The point-of-view character, Din, is an engaging person with many fears and worries. “Of all the Sublimes who could have been my assistant, why did it have to be the one with a forty-span stick up his ass?” grumbles Din’s perhaps stark raving mad but undeniably brilliant master, Ana. As we settle into Din’s head, though, we realize how much the world misjudges him, and why. There’s a hint of romance, too. The characters are fascinating. The world-building and magic systems are very well-done. And this novel sports my favorite feature, a novel with a sequel but no cliff-hanger ending. The Tainted Cup is a satisfying read all by itself. I feel enticed to read on to the sequel, A Drop of Corruption, Book Two in Bennett’s Shadow of the Leviathan series, but not bludgeoned or tricked into doing so.

Bennett’s novel was also short-listed in the fantasy novels category of the 2025 Locus Awards, although it didn’t win, and it is short-listed in the best novel category for this year’s World Fantasy Awards, to be announced on Nov. 2, 2025. More about both the Locus and World Fantasy Awards in later posts.

The Ministry of Time by Kaliane Bradley (Avid Reader Press, Sceptre)

Find it HERE.

The Ministry of Time was short-listed for both the 2025 Arthur C. Clarke Awards in the novels category, and in the best first novel category for the 2025 Locus Awards.

I reviewed this novel in my posts about this year’s Arthur C. Clarke Awards.
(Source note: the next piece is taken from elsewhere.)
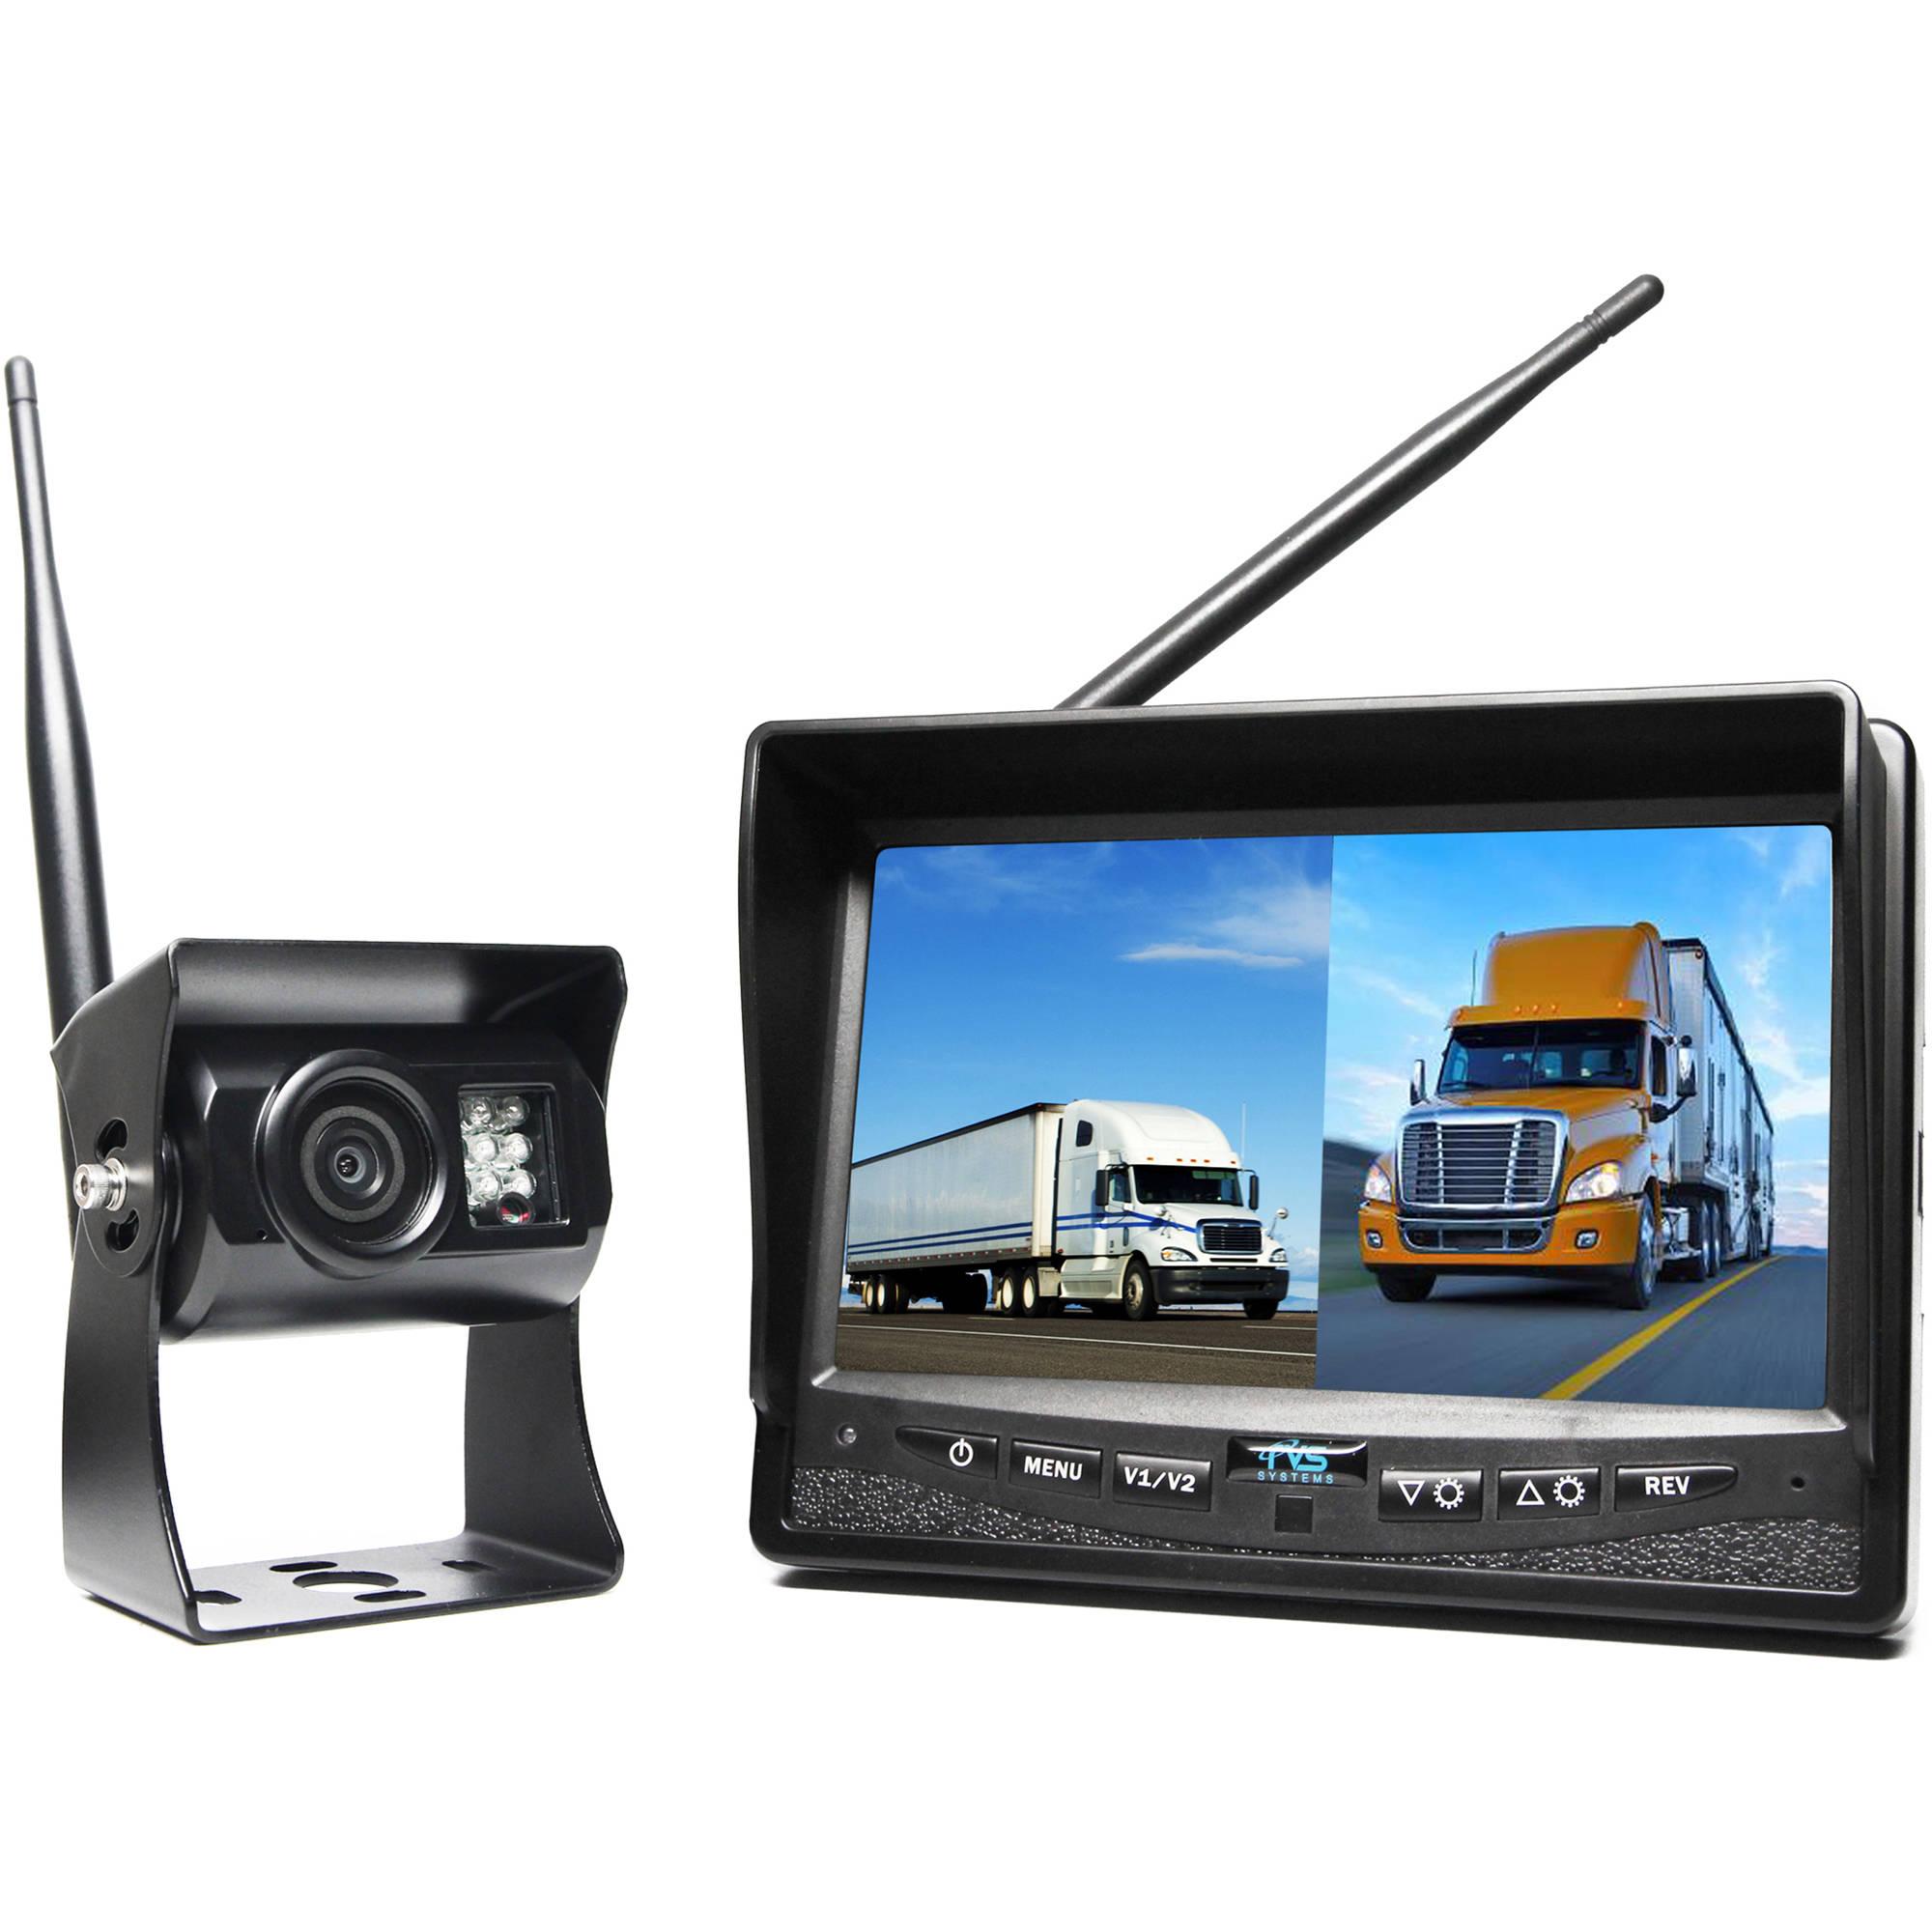 Rear View Safety Rvs 2cam Wireless Backup Camera System
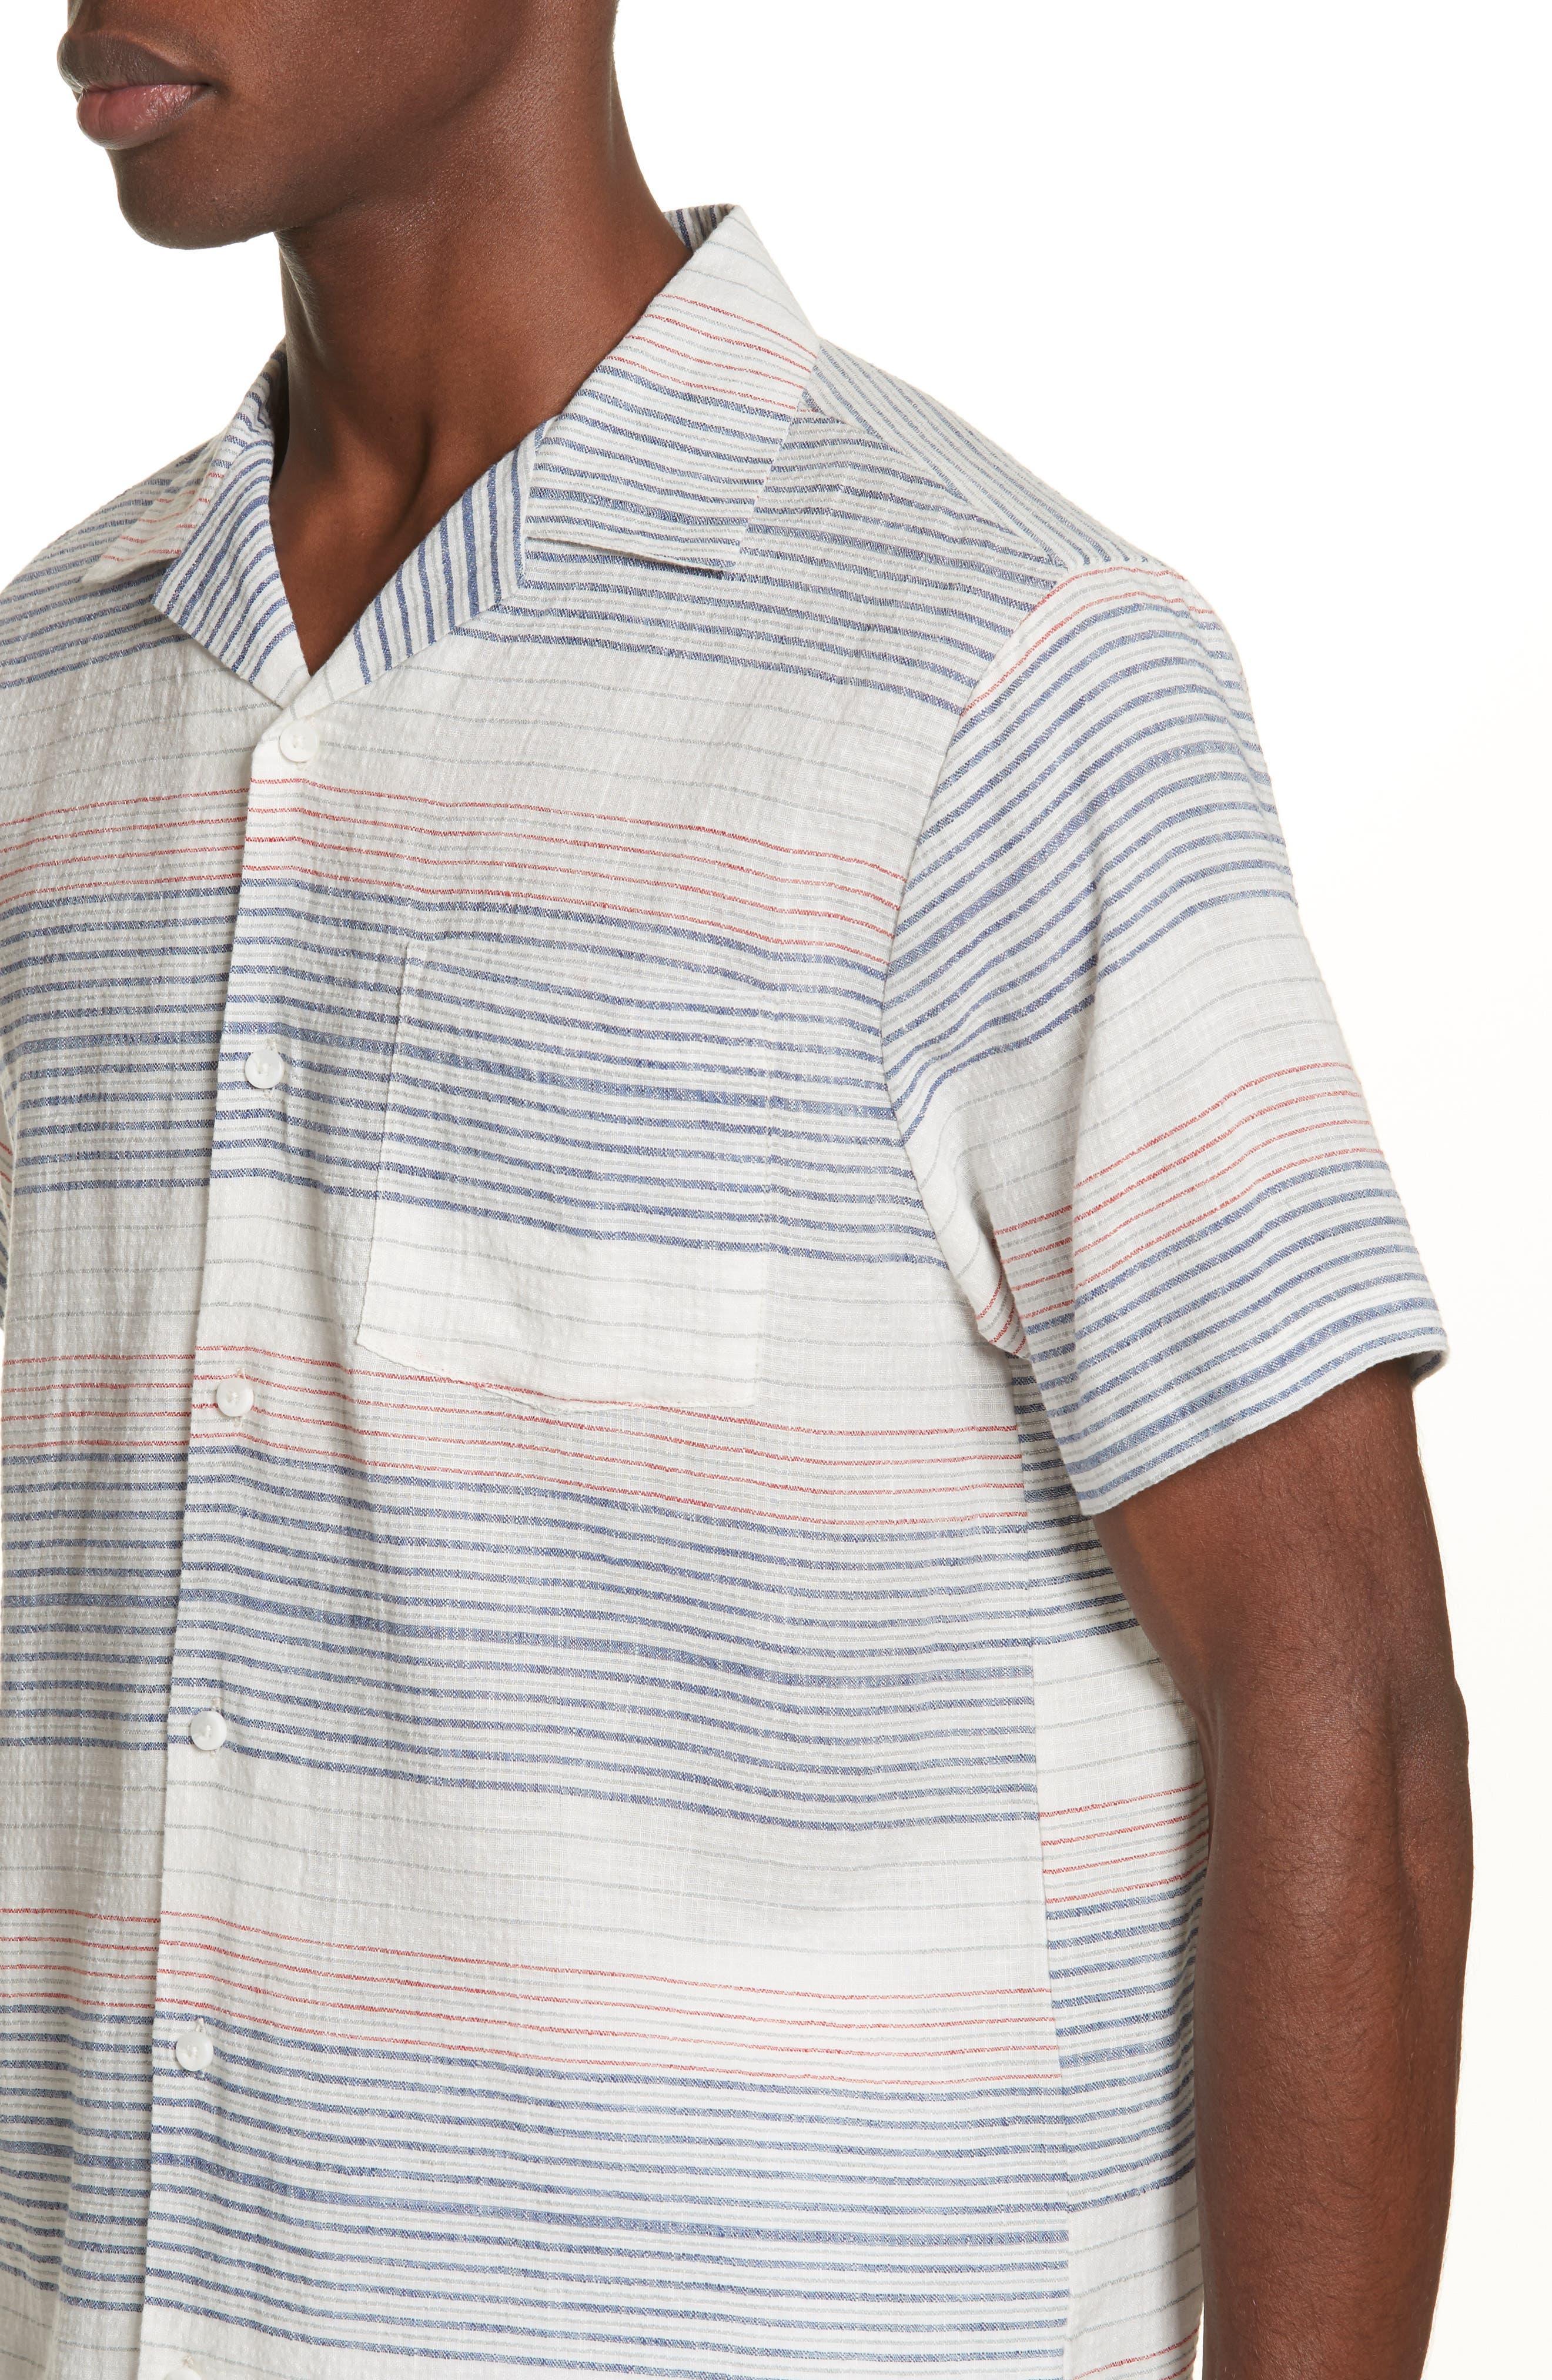 Americana Stripe Woven Camp Shirt,                             Alternate thumbnail 4, color,                             Multi

Find my review HERE. I should also note that in that review, I entered a wrong link to the novel. I’ve since corrected the error in the earlier post. This post gives you the correct link, too. Apologies!

To summarize very briefly: Bradley’s novel is wonderful, ingenious, and thrilling. I loved it.

GREAT NEWS for lovers of this book! I’m so pleased to see that the BBC has recently created a dramatic series based on The Ministry of Time. Find out more HERE. Also HERE. When can we watchers in the U.S. hope to see it? When? When?? Note: There’s a Spanish HBO series of the same name and roughly the same premise from 2015. Don’t confuse that one with this.